When it comes to government, everyone complains.
It could be something you’ve seen or heard, a negative personal experience or shared frustrations.
Even media shares in this, some would say to a large degree. The city of Worcester came under fire for its problems clearing the streets of snow and ice last winter, and the Sun took up the issue in a report [here], an editorial [here], and David Hitch’s editorial cartoons [here, here and here].
All of this belies the fact that hundreds of people toil day in and day out on behalf of the residents, workers and commuters of Worcester. They do so in comparative obscurity, making the city generally safe and livable, and one in which everyone should take pride.
It’s important to note when things work as they should. The efforts of city employees merit more than a passing “That’s what we pay for,” or “That’s their job.”
In this vein we take a look at something you won’t see: 244 tons of trash.
In correspondence to the City Council ahead of the Tuesday, July 19, meeting, City Manager Edward M. Augustus Jr. presented the latest statistics for Keep Worcester Clean, a cross-departmental program with the goal of “cleaning litter and other debris from city streets and sidewalks.”

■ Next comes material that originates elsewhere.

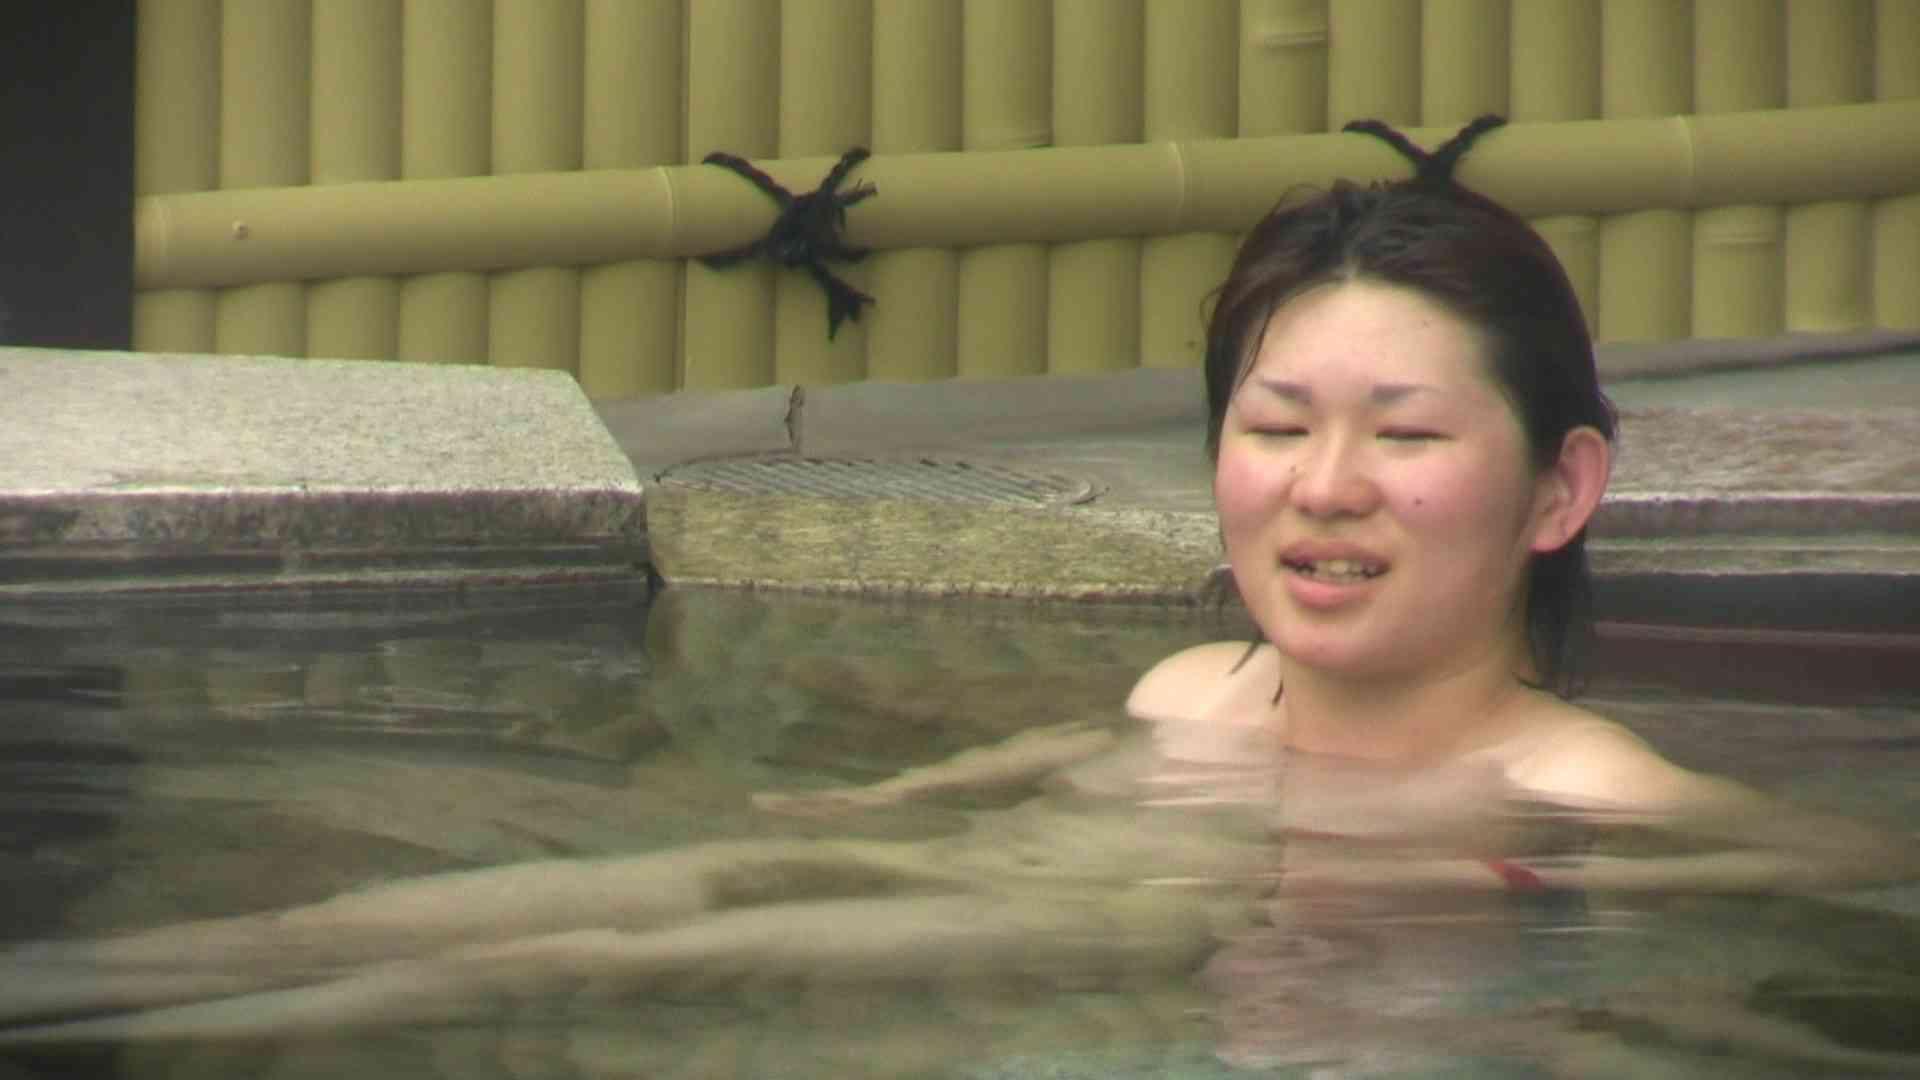 Aquaな露天風呂Vol.673 0   0  91pic 73

The updated totals through May claim 150 sites were cleared of 25 tons of trash by Keep Worcester Clean crews in May alone. Add another 142 sites and 24 tons of trash picked up by Trial Court and Department of Public Works & Parks crews, sites cleaned of graffiti and stickers, sites cleaned during neighborhood, City Manager and Earth Day cleanups, and park cleanups.
For the year, through May, the totals are staggering: 1,463 sites cleaned of 244 tons of trash.
In addition, this year 104 abandoned cars have been removed, 900 bags of litter collected, 107 tires picked up, 2,757 miles of roads swept and 1,417 nuisance ordinance work orders have been filed.
This builds on a successful 2015, during which 544 tons of trash were picked up from 3,594 cleanups and 6,580 nuisance ordinance work orders were issued.
There are parts of the city that remain unclean. Among the places online where you can see that is the Keep Worcester Clean Facebook page, which is not affiliated with the city’s efforts and is NSFW for language. However, we don’t dare try to consider what the city would be like with the additional 788 tons of trash removed over the last 17 months.
In a city the size of Worcester there are countless other examples of government that works because of the people who show up every day to make it so.
But looking at the nearly 1.6 million pounds of trash that isn’t there is a good start.